* Given records:
※ ※ ※

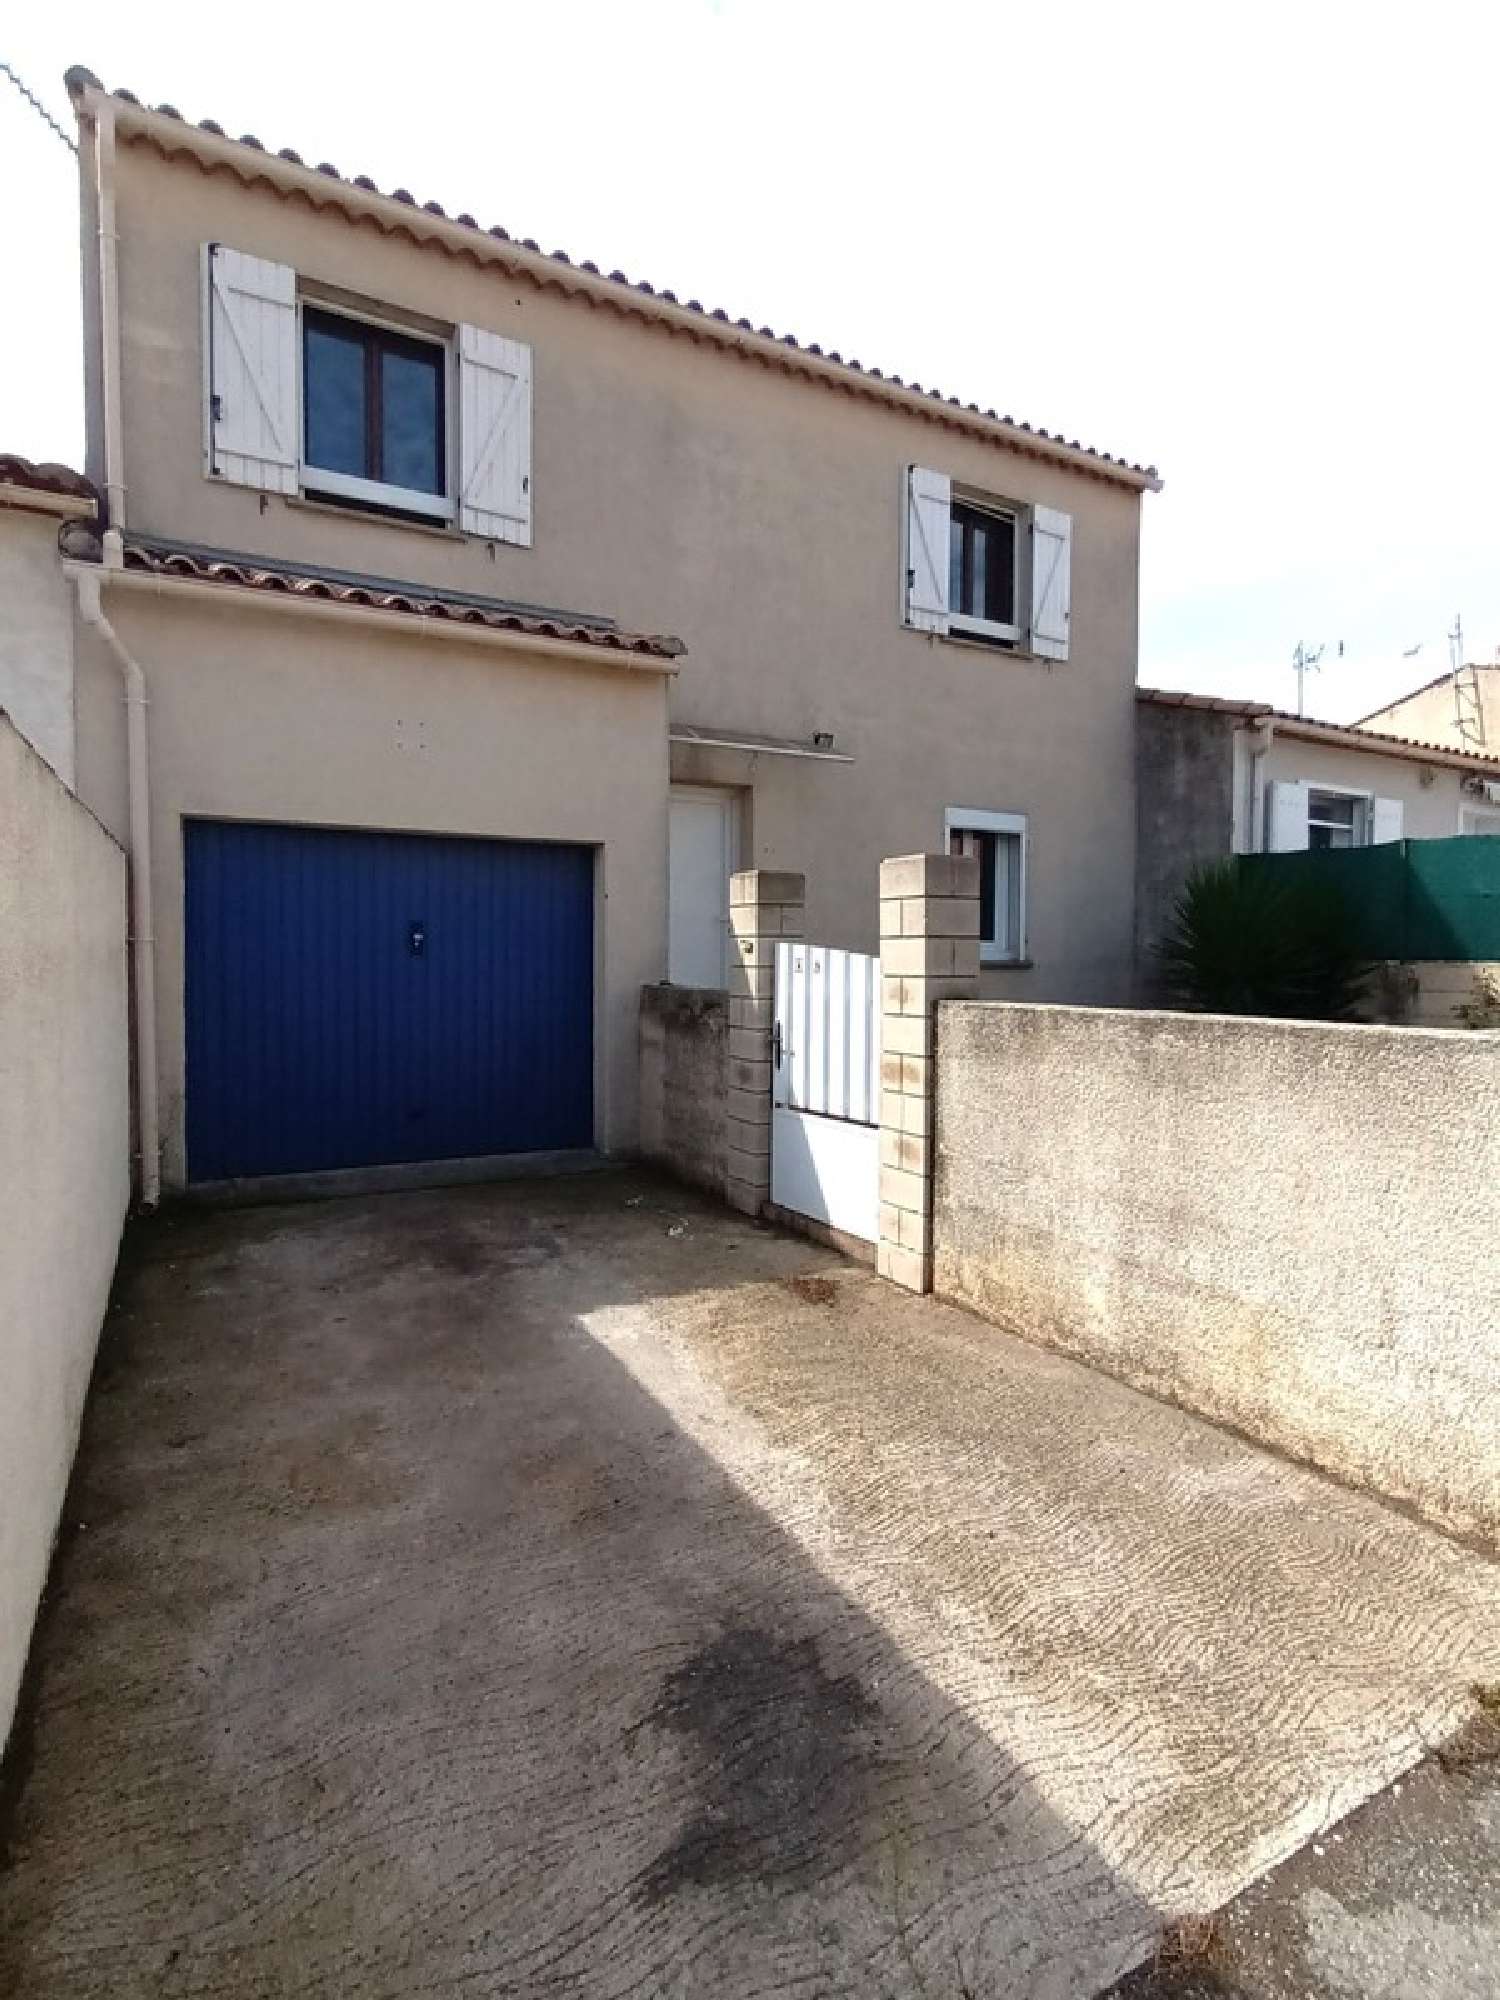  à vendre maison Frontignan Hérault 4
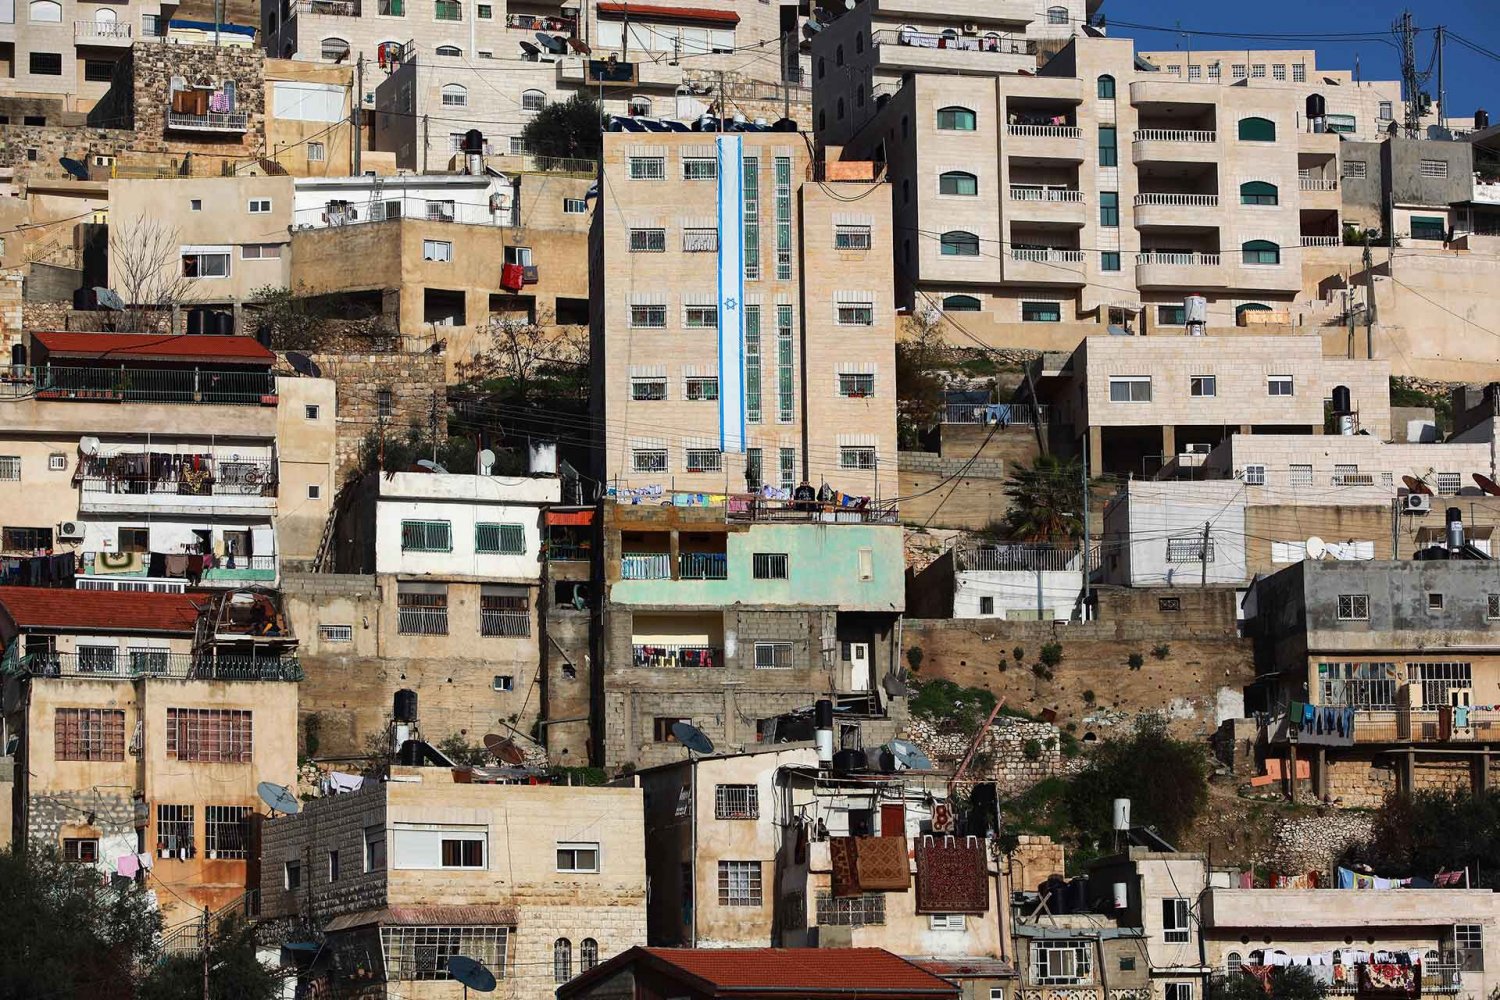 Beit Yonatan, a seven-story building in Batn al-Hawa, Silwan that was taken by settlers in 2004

※ ※ ※

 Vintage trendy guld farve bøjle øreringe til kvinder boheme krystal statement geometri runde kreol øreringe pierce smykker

※ ※ ※

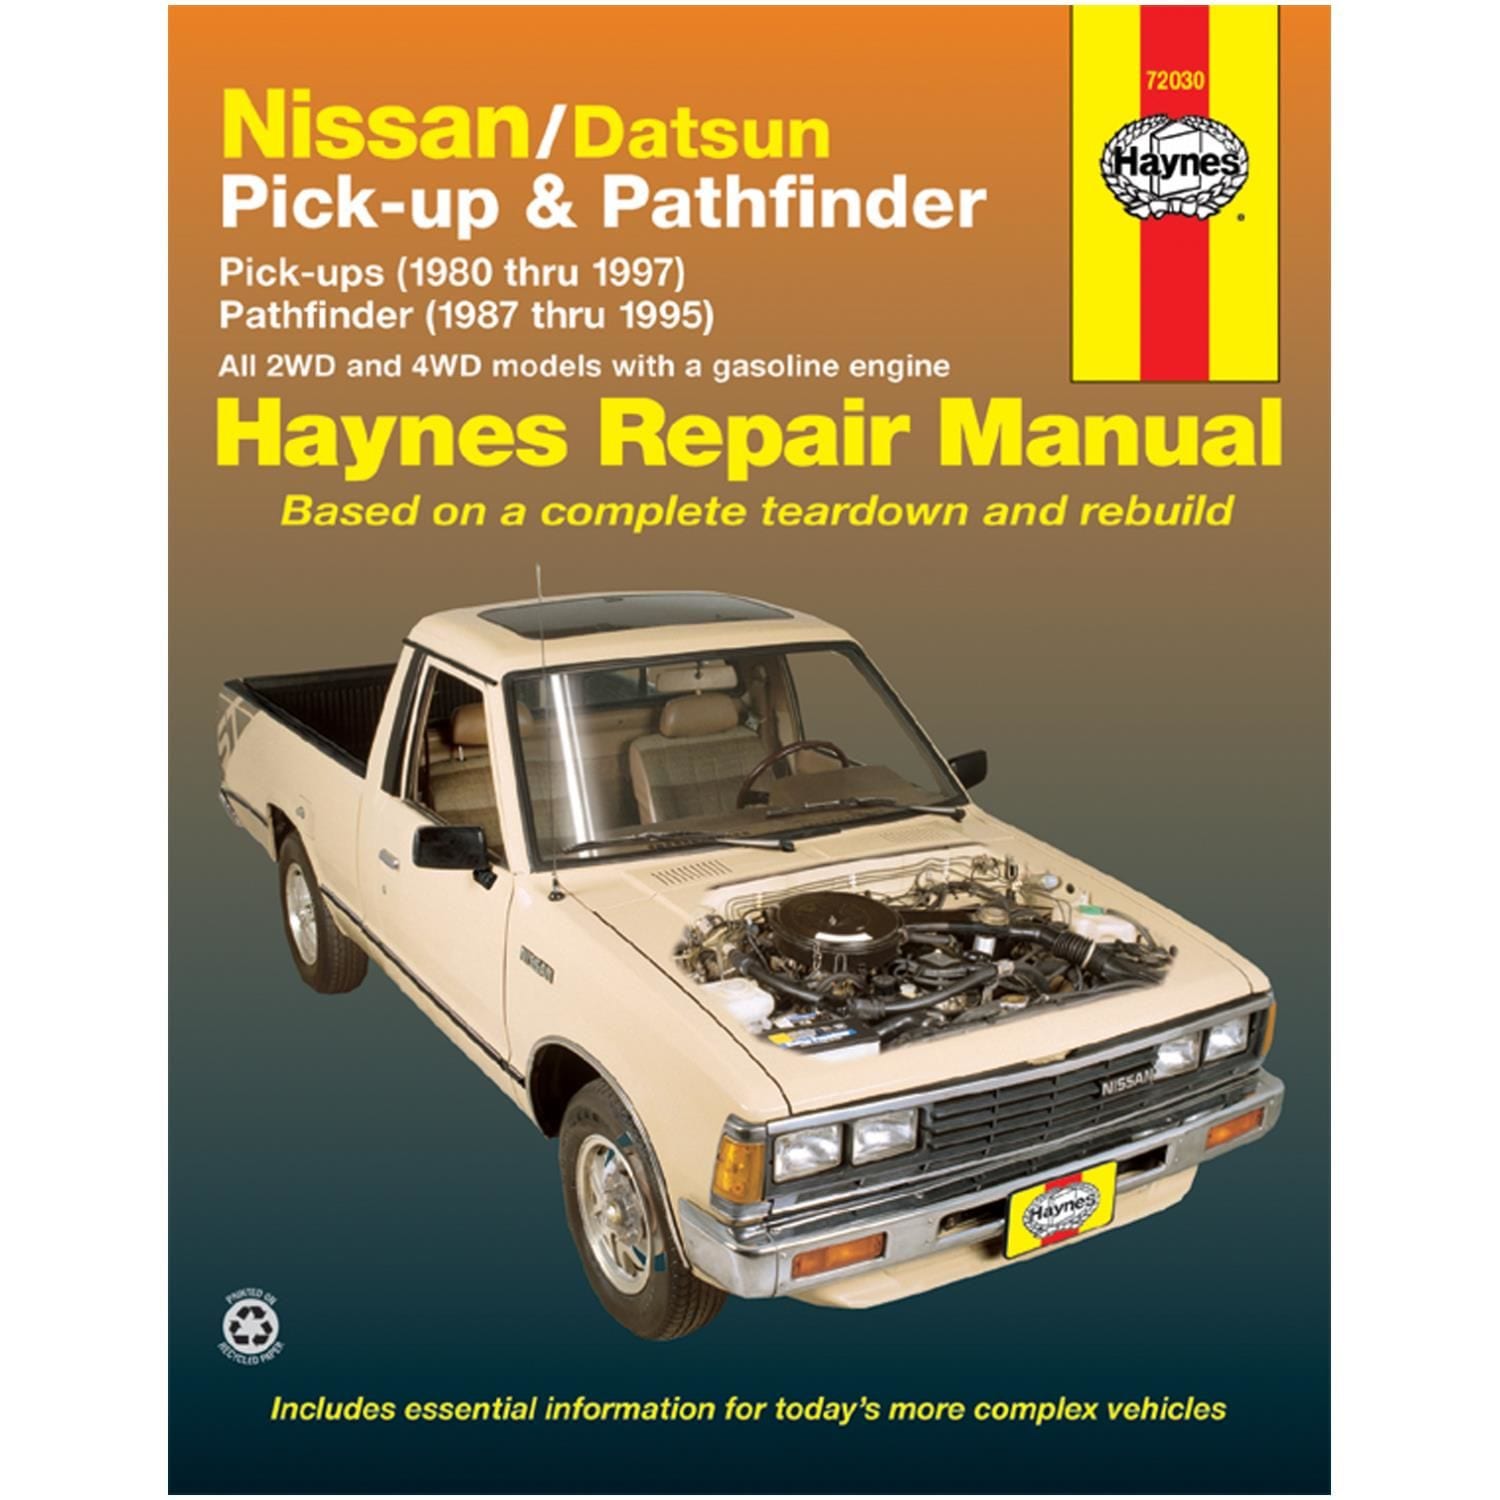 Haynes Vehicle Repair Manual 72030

※ ※ ※

* Task description: Go back to the listing above and write out the lines starting at the one with "à vendre maison Frontignan Hérault 4" and ending at the one with "Beit Yonatan, a", inclusive, exactly and without pictures.

* Exercise solution:
  à vendre maison Frontignan Hérault 4
 Beit Yonatan, a seven-story building in Batn al-Hawa, Silwan that was taken by settlers in 2004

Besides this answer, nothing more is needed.